THE PROBLEM »
Each line from the one containing "Stones, River, Fog, autumn, Park, ducks" to the last line of the listing below is to be duplicated exactly, and no picture is to be carried over.
====== SUPPLIED MATERIAL
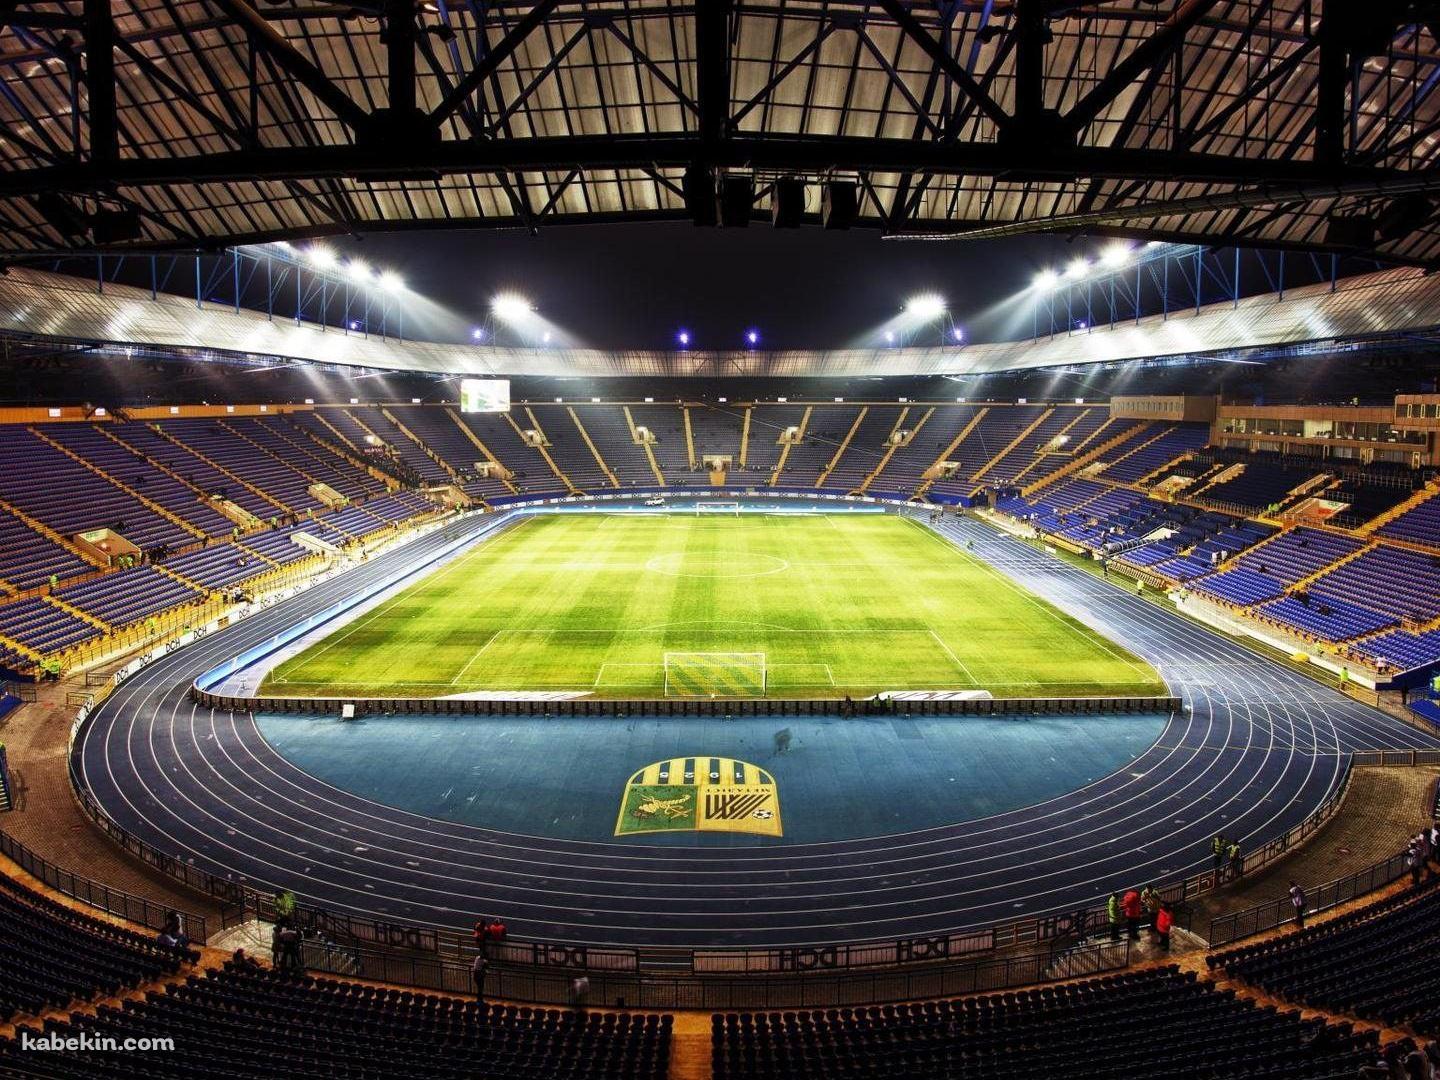 欧州サッカーのスタジアムの壁紙(1440px x 1080px) 高画質 PC・デスクトップ用
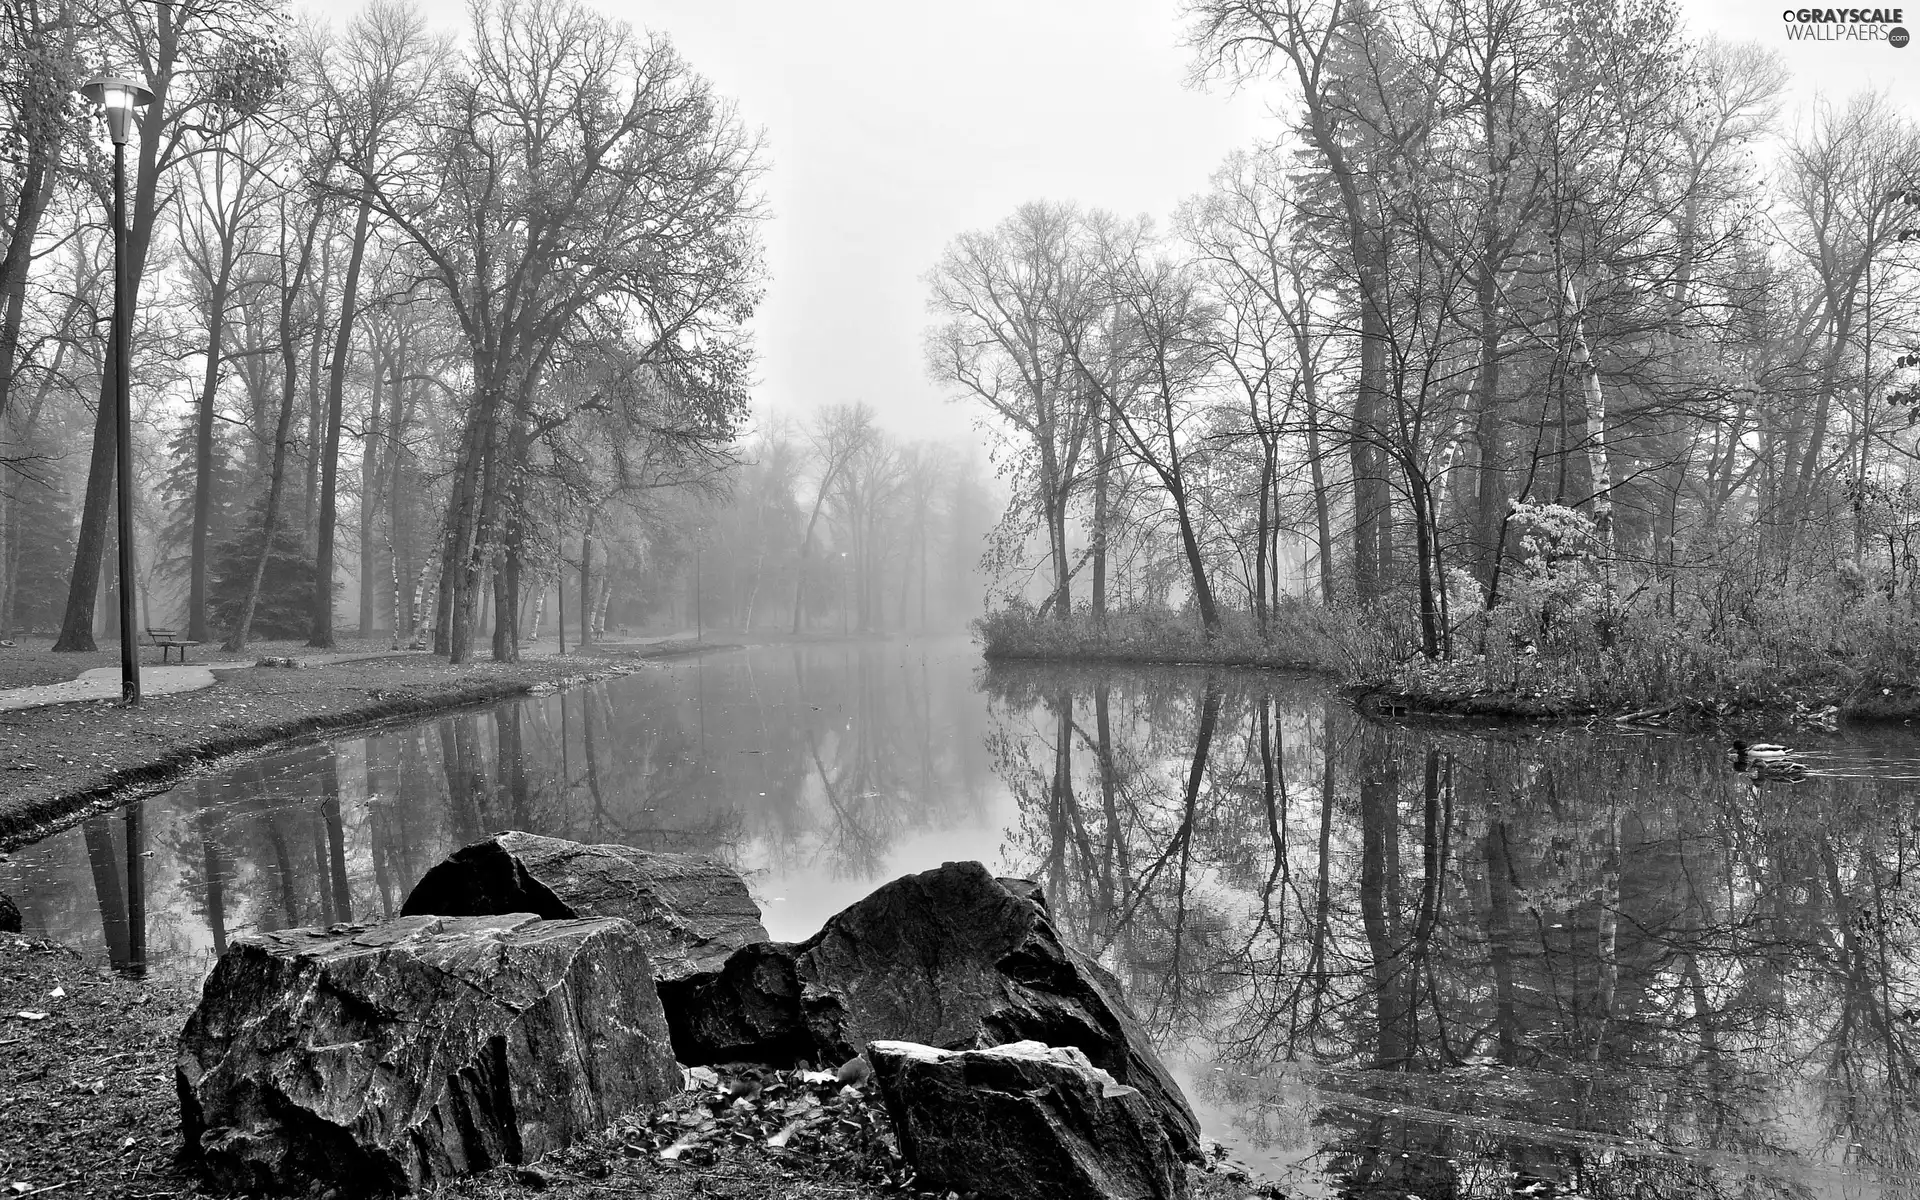 Stones, River, Fog, autumn, Park, ducks
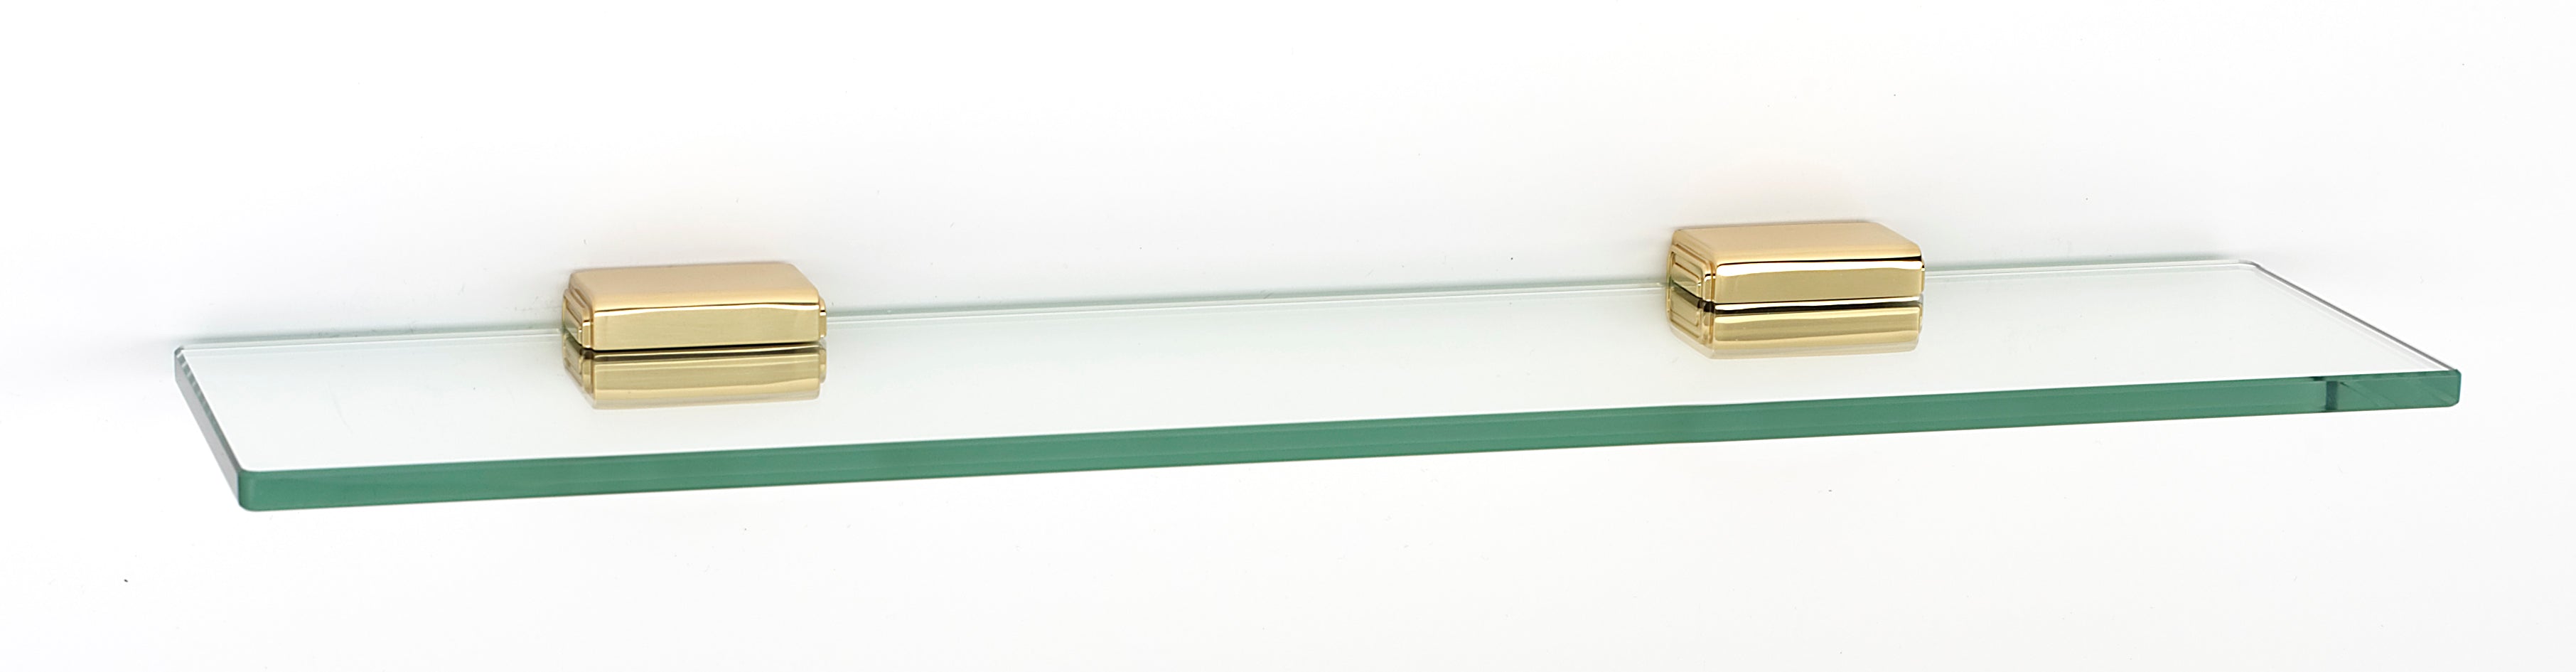 Alno Cube Bath 18" Glass Shelf w/Brackets
============
ANSWER FOR THIS EXERCISE »
 Stones, River, Fog, autumn, Park, ducks
 Alno Cube Bath 18" Glass Shelf w/Brackets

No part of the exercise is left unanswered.